I have a NOS musselman 2 speed with the cable and shifter but I want one with a suicide shifter.



CASH PAID !!!!


----------



## Rust_Trader (Feb 1, 2012)

http://www.nostalgic.net/bicycle86/picture202


----------



## VintageSchwinn.com (Feb 1, 2012)

Here's a better pic of one on a bike.  Last one I saw sold for the $2k range.  They are rare and spendy.


----------



## Rust_Trader (Feb 1, 2012)

Thanks for posting ,I seen that one on the autocycle.

I figured  it would run between 1k- $1500

If anyone has one on that range let me know....


----------



## yeshoney (Feb 2, 2012)

*Here is the pic from the patent*

Hopefully I got the pic from the patent correctly.

it is a cool setup, but quite complicated as compared to the ND unit or a more modern kickback style.


----------



## catfish (Feb 2, 2012)

Good luck !!!   These are rare!


----------



## PCHiggin (Feb 2, 2012)

*Here Ya Go....Pricey*

http://www.ebay.com/itm/Musselman-2...368?pt=LH_DefaultDomain_0&hash=item3cc1960208..............................Sorry,Wrong one. I cant delete reply..........................


----------



## sm2501 (Feb 2, 2012)

I have a restored one and an orginal available. Either one would run $1500.00.


----------



## Rust_Trader (Feb 2, 2012)

sm2501 said:


> I have a restored one and an orginal available. Either one would run $1500.00.







 pm sent


----------



## thebigorangecat (Oct 23, 2012)

Check the for sale section!


----------



## Larmo63 (Oct 23, 2012)

It would be cheaper to just download the form and send away for one.

That's what I would do.


----------



## OMBAC-RAT (Oct 23, 2012)

*Too Cool*

On Man...That thing is too cool. I love it!!!


----------



## cyclingday (Oct 23, 2012)

Does anyone have the specially geared cog for this set up, in a 1/2 inch pitch, they want to part with?

If so, please let me know.


----------



## schwinnja (Oct 23, 2012)

PCHiggin said:


> http://www.ebay.com/itm/Musselman-2...368?pt=LH_DefaultDomain_0&hash=item3cc1960208..............................Sorry,Wrong one. I cant delete reply..........................

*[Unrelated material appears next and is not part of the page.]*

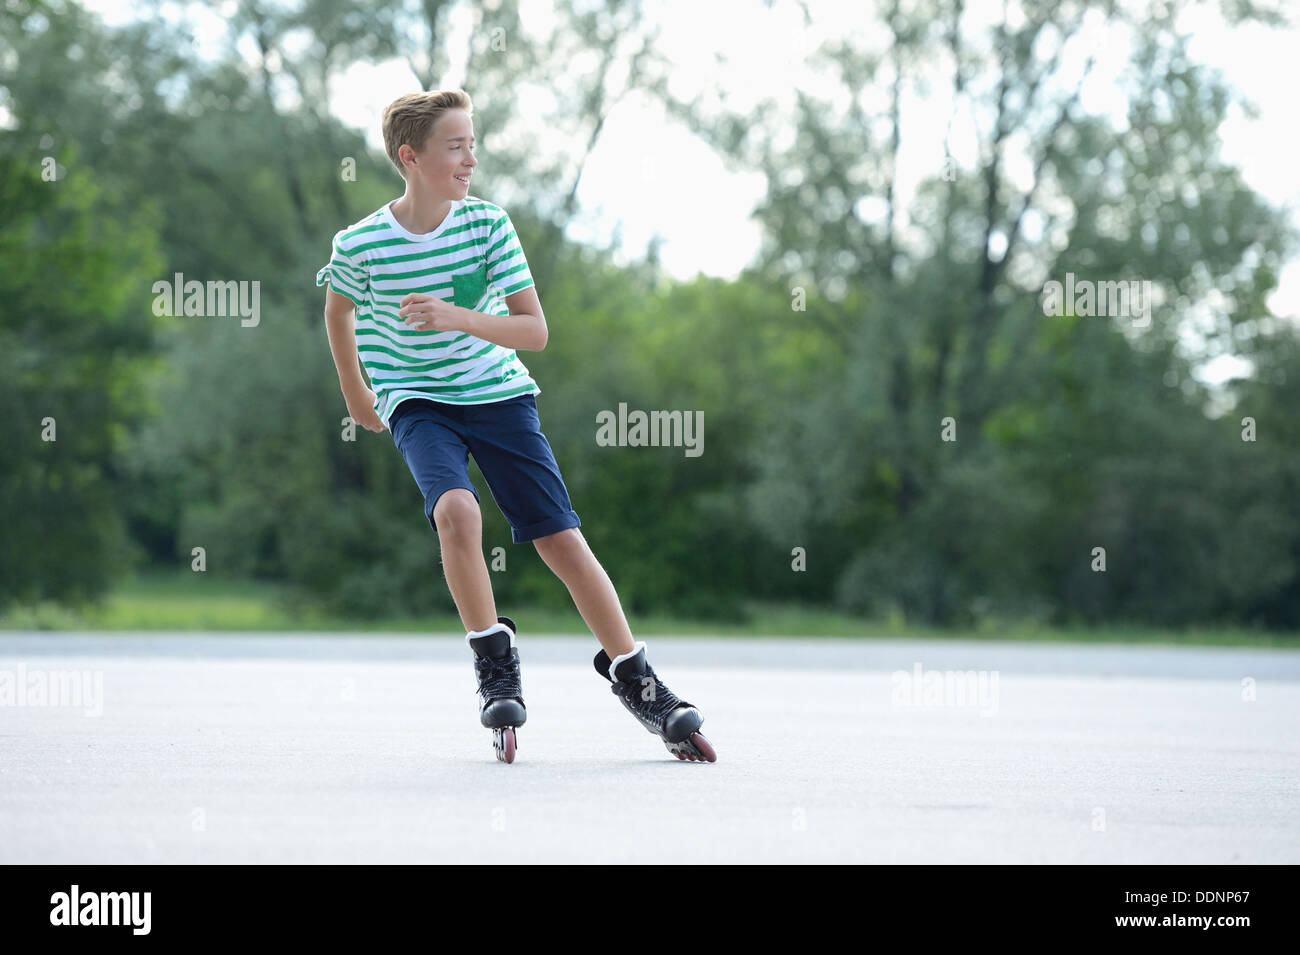 Garçon avec des patins à roues alignées sur une place de sport Banque D'Images

This one was listed by greens07.
Probably the same unit he's looking for the suicide shifter lever for.


----------



## linlin (Oct 24, 2012)

try this...


----------



## abe lugo (Oct 24, 2012)

*one just sold*

http://www.ebay.com/itm/Rare-Late-3...675?pt=LH_DefaultDomain_0&hash=item1c2c27d2db


----------



## bricycle (Oct 24, 2012)

sm2501 said:


> I have a restored one and an orginal available. Either one would run $1500.00.




Scott to the rescue!!!


----------